Suche anhand der ID:


----------



## vollmi (8 Juli 2019)

ioStart schrieb:


> ja mit den ID`s wirds kniffliger. Man muss diese gezielt suchen. Wir geben im Meldungstext immer einen Bezug zur Maschinen-einheit an. Damit lässt sich Verwendungsstelle stark eingrenzen



Ich übergebe dem Meldetext den Instanznamen des Bausteins. Damit ist der Fehler dann recht gut zuzuordnen.
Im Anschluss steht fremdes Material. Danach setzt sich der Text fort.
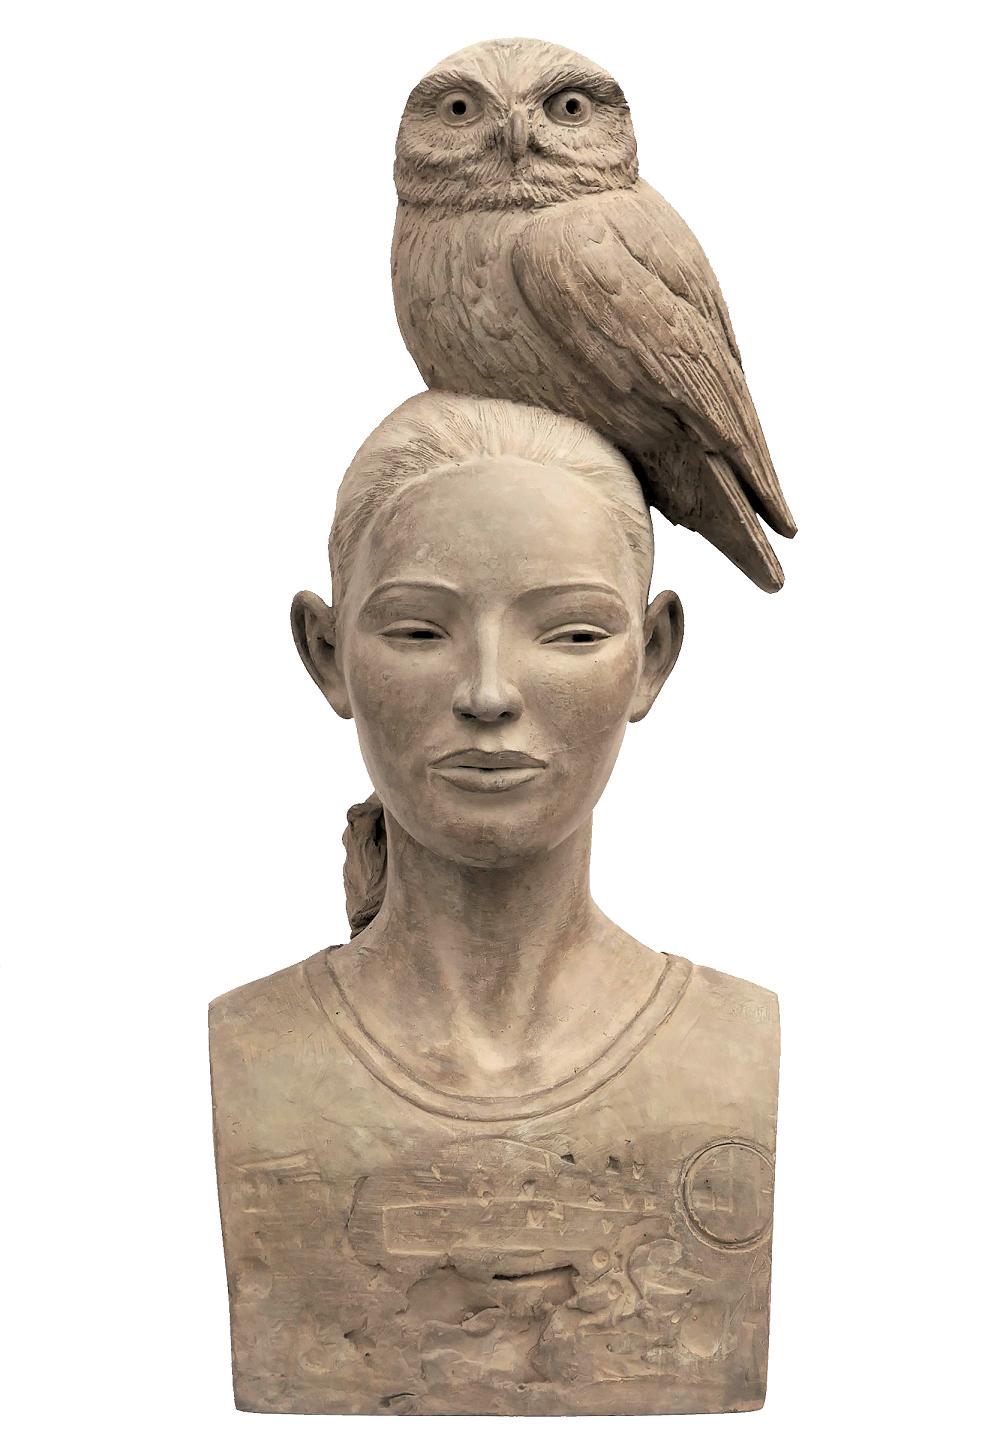 Erwin Meijer Nude Sculpture - Vrouw met Uil Owl Bronze Sculpture Girl with Owl on Head Wisdom In Stock 
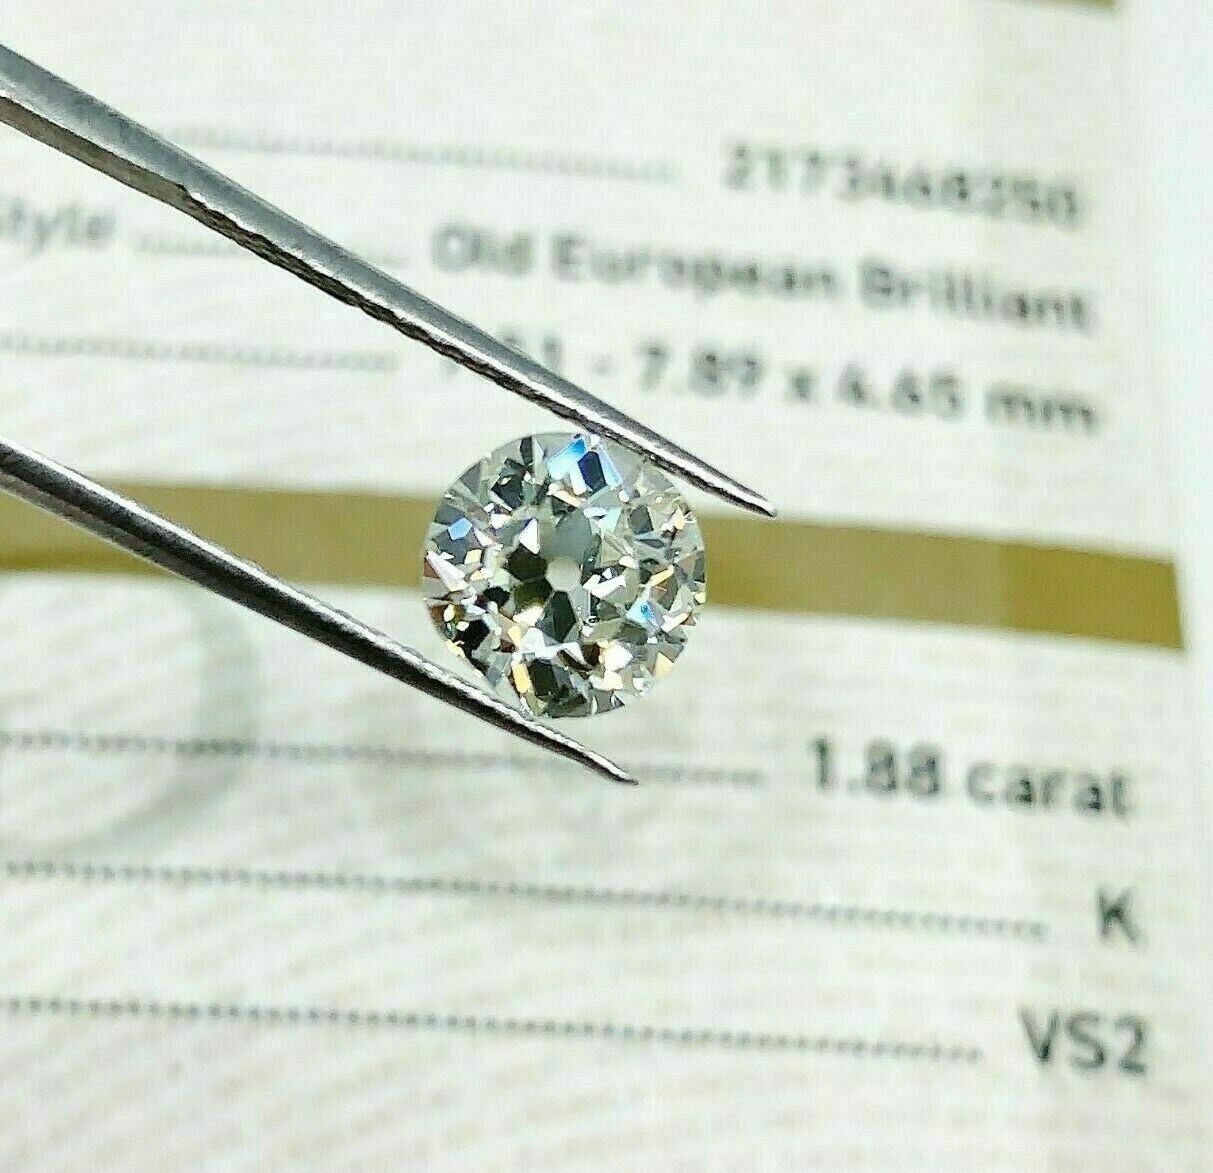 Loose GIA Diamond 1.88 Carats GIA Old European Cut Diamond GIA Certified K VS2

Was mit aber von ProgrammAlarm zu Prodiag umschwenken ließ, ist die geringe Anzahl ProgramAlarm die gleichzeitig aufgerufen werden können.
Bei einer 1512sp z.B. 300 gleichzeitiger Meldungen. Da ich aber ja nicht nur Alarme generiere sondern auch Betriebsmeldungen gibt (Schütz ein, Schalter Hand etc.) sind auch bei kleinsten Programmen schnell die anzahl Meldungen überschritten. Alternierendes Meldungen generieren geht ja auch nicht so ohne weiteres, weil man ja nicht abfragen kann, wie viele ProgrammAlarm schon laufen.

mfG René


----------



## ioStart (8 Juli 2019)

hallo vollmi

wenn ich fragen darf: was bezweckt ihr damit, wenn ihr Betriebsmeldungen dieser Art realisiert? Ein Logging für Auswertungen?
Bei unseren Maschinen legen wir viel wert darauf, dem Bediener möglichst wenige Meldungen zeitgleich anzuzeigen. Das bedeutet, dass eventuelle Folgefehler von beispielsweise einem Motorschutz-Alarm ausgeblendet/gesperrt werden

Gruß
ioStart


----------



## vollmi (8 Juli 2019)

Betriebsmeldungen landen natürlich nicht im Alarm/Störmeldebild. Aber sie können in einem Separaten Historikfenster dargestellt werden. Wir nutzen das vor allem bei Anlagen ohne übergeordnete Bedienung um die Schalthistorie nachzuvollziehen.

Beispiel:
Spannungsaufall Anlagenweit. das ist eine hochpriorisierte Alarmmeldung die dem Betreiber angezeigt wird.
Der Ausfall der Rios wird aber mit einem anderen Filter dargestellt (ebenfalls hochpriore Alarmmeldung). Das sind zwar Folgefehler, man will aber durchaus wissen wann die USV derselben die Grätsch gemacht haben.
Dass dann aber die Reservebeleuchtung angegangen ist, die normalerweise nur in der Nacht leuchtet, das ist nur eine Betriebsmeldung. Man kann aber später nachsehen ob diese Beleuchtung die als einzige über Notnetz verfügt auch wirklich Tagsüber wegen Stromausfall angegangen ist.
Im Fehlerfall kann man auch nachsehen ob der Trafoschütz auch wirklich abgeschalten hat BEVOR der Bypassschütz reingegangen ist.


----------